Вадимыч проснулся сразу как только она встала, и любовался ею, удивляясь. Ну что за чудо, что за попка, прямо-таки итальянская – подумаешь, какие-то там Феллини!… Может, потому что у нее четвертинка еврейской крови? Ведь София Лорен тоже еврейка… И дался же ему на склоне лет такой подарок. И дело тут уж вовсе не в попке, их-то навидался – всякие там медсестры, лаборантки, ординаторши, аспирантки… Тут было еще что-то совсем другое, необыкновенное, внутреннее… Ведь это был даже не секс в обычном растиражированном понимании, а нечто ни на что прежде бывшее непохожее. «Когда сливаются дыханья и тела два становятся единым – все это сексом называют любви не знающие…» Кто это сочинил и когда, он не помнил, да это и не имело сейчас никакого значения. Это была совсем не та любовь, чем те, которые ему пришлось пережить за свои почти шестьдесят лет. Он любил эту годящуюся ему в дочери девушку любовью мужчины, любовью отца, смутно предчувствуя в ней свою последнюю лебединую песню, и потому эта любовь была особенно острой. Он стоял, обнимая ее, позади были долгие годы нелегкого труда, строительства семьи и воспитания дочери, годы научной работы, создания кардиоцентра, защиты докторской… Да, нелегко ему, выходцу из Сибири, было пробивать себе дорогу без высоких покровителей в Москве, а теперь у него признание не только в России, но и за рубежом!… И вот она, награда за все, возможность стоять рядом с этой женщиной и обнимать, как свою, и смотреть вместе на Венецию, все прежнее, как ему сейчас показалось, существовало именно ради этого мига, когда он стоит, обнимая ее, открыв утреннему итальянскому ветерку свою широкую, с седыми вьющимися волосками грудь, положив ей руку на плечо, и они смотрят (мог ли он вообразить себе нечто подобное лет пятнадцать-двадцать назад!?) на настоящую утреннюю Венецию! И гондольер, увидев его, приветливо помахал теперь им обоим: «Бон джорно!» – весело выкрикнул он, вновь обратясь к своему веслу, а он отсалютовал в ответ подобно римским легионерам свободной рукой, не отрывая другую от талии любимой женщины.

– Вот ради этого мига стоило жить! – выдохнул он.

– Да, – сказала она, – ради этого стоит жить.

Но каждый вложил в это восклицание что-то свое.

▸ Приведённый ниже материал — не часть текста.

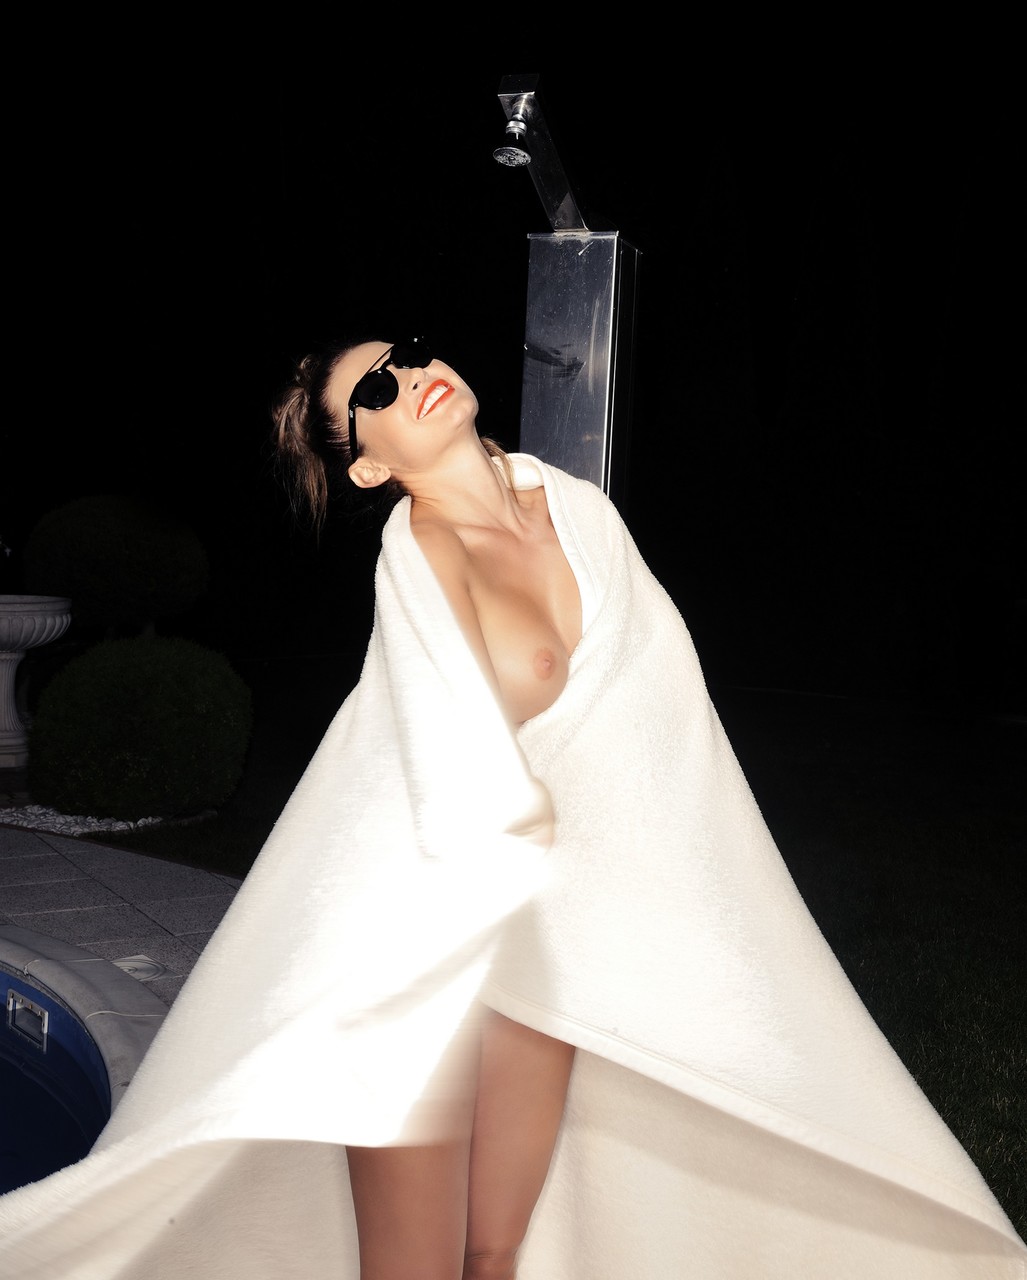 Hungarian stunning babe Mariana Pinter posing naked with sunglasses on ポルノ写真 #428438400
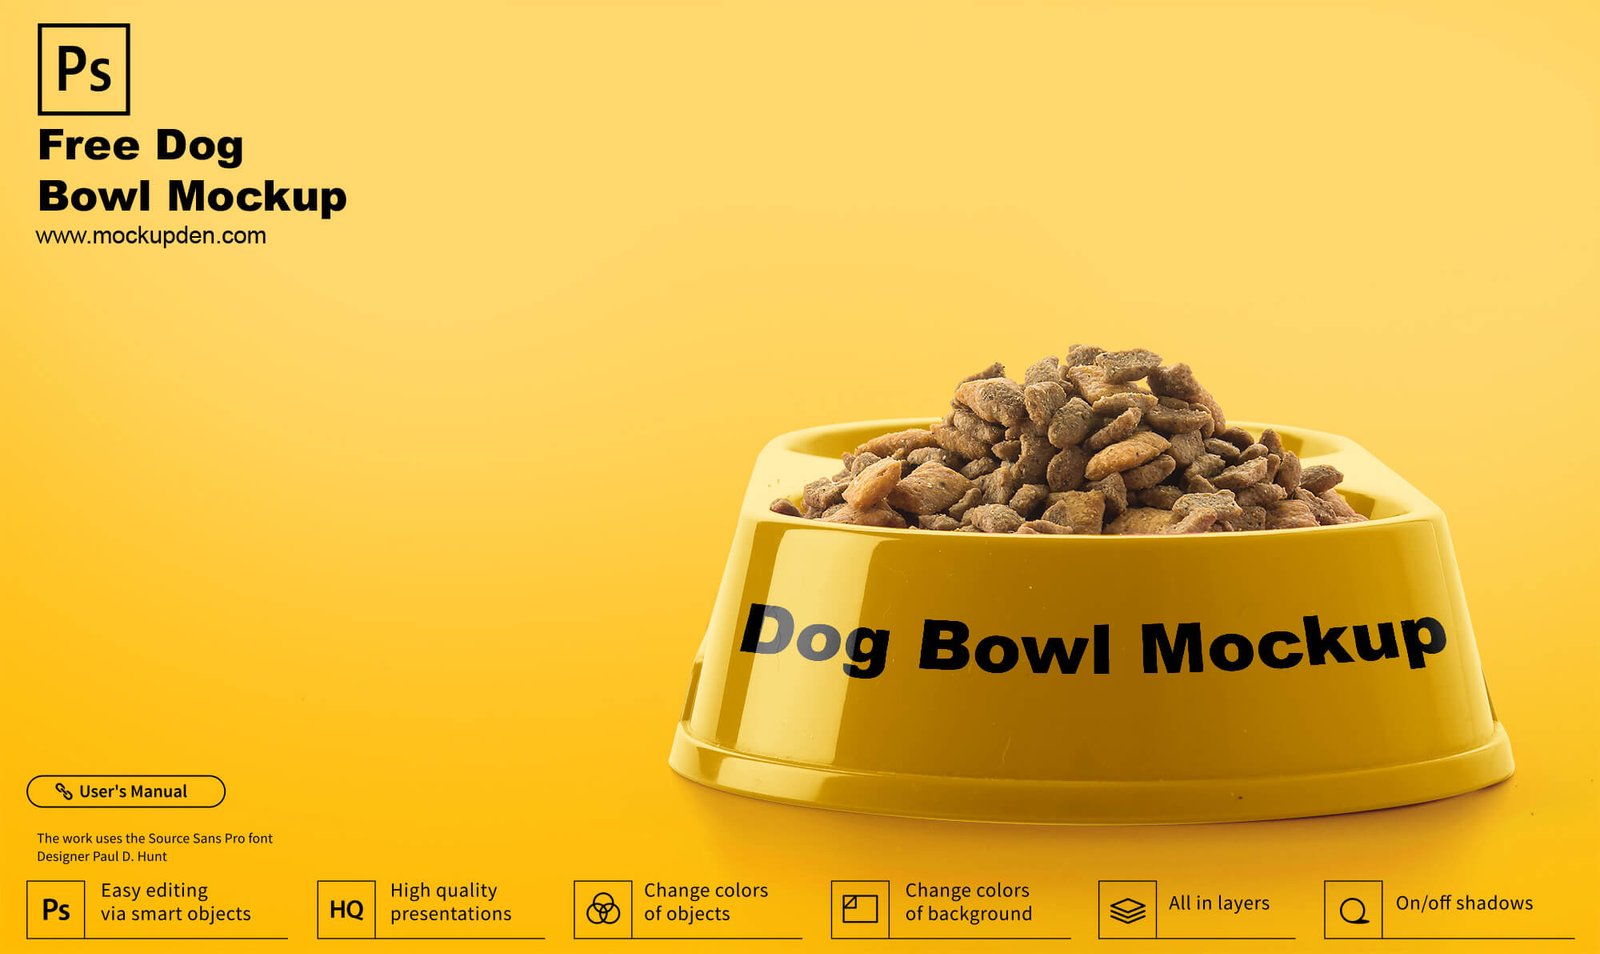 Free Dog Bowl Mockup PSD Template - Mockup Den

Как странно, будто легкая тучка прошла, но она даже не успела (или не захотела) вглядеться: они стояли на берегу Балтики, той части, которую моряки называли Маркизовой Лужей, там, где кончался (или начинался) Петербург-Ленинград-Петербург, на горизонте хмурых вод угадывались зазубрины башен Кронштадских бастионов, а берег был какой-то сюрреалистический: куча автомобильного мусора из покрышек и старых аккумуляторов поодаль, высотные дома со странными темными арками… позади была впервые проведенная вместе счастливая ночь, и день был продолжением этого счастья, после безумного смешивания плоти оно было теперь насыщенным светлым и спокойным. Они стояли на свежесляпанной (судя по кое-где неубранным строительным доскам) бетонной набережной, в одной руке он держал бутылку пива, из которой с торжествующим видом постоянно отхлебывал, другой обнимал ее за талию, моросил дождик, но такой слабый, мелкий, что она даже не захотела раскрыть голубой зонтик и, несмотря на ветер, дождь и холодное пиво, обоим казалось тепло от открывшейся, как чудо, не испытанной никем из них ранее взаимной любви. «Вот ради этого стоит жить!» – сказал он, и она рассмеялась, и странно, что та полнота счастья, испытанная в том убогом месте, была, уж во всяком случае, ничуть не меньше теперешней

Но тучка мелькнула и ушла, не оформившись в воспоминание (она не хотела ничего вспоминать и объяснять), оставив лишь пустую точку легкой необъяснимой тревоги. Ей вдруг показалось, что в этот миг что-то остановилось и он будто странно застыл, а она не хотела никакой остановки, – только движения и движения вперед и вперед! В каждой остановке ей чудилась возможность возврата, скатывания в прошлое, в ту бесполезную, навсегда жестко отрубленную боль, от которой она бежала и за которой ничего, кроме смерти. Она испугалась этого мелькнувшего крохотного чувства (может это равнодушие или нездоровье?), приложила руку к его сердцу (перед отлетом в Шереметьево в очереди на таможню она заметила, как он украдкой глотал нитроглицерин).

– У тебя все в порядке?

– Конечно, конечно, малыш… – он заметил в ее темных глазах тревогу и недоверие.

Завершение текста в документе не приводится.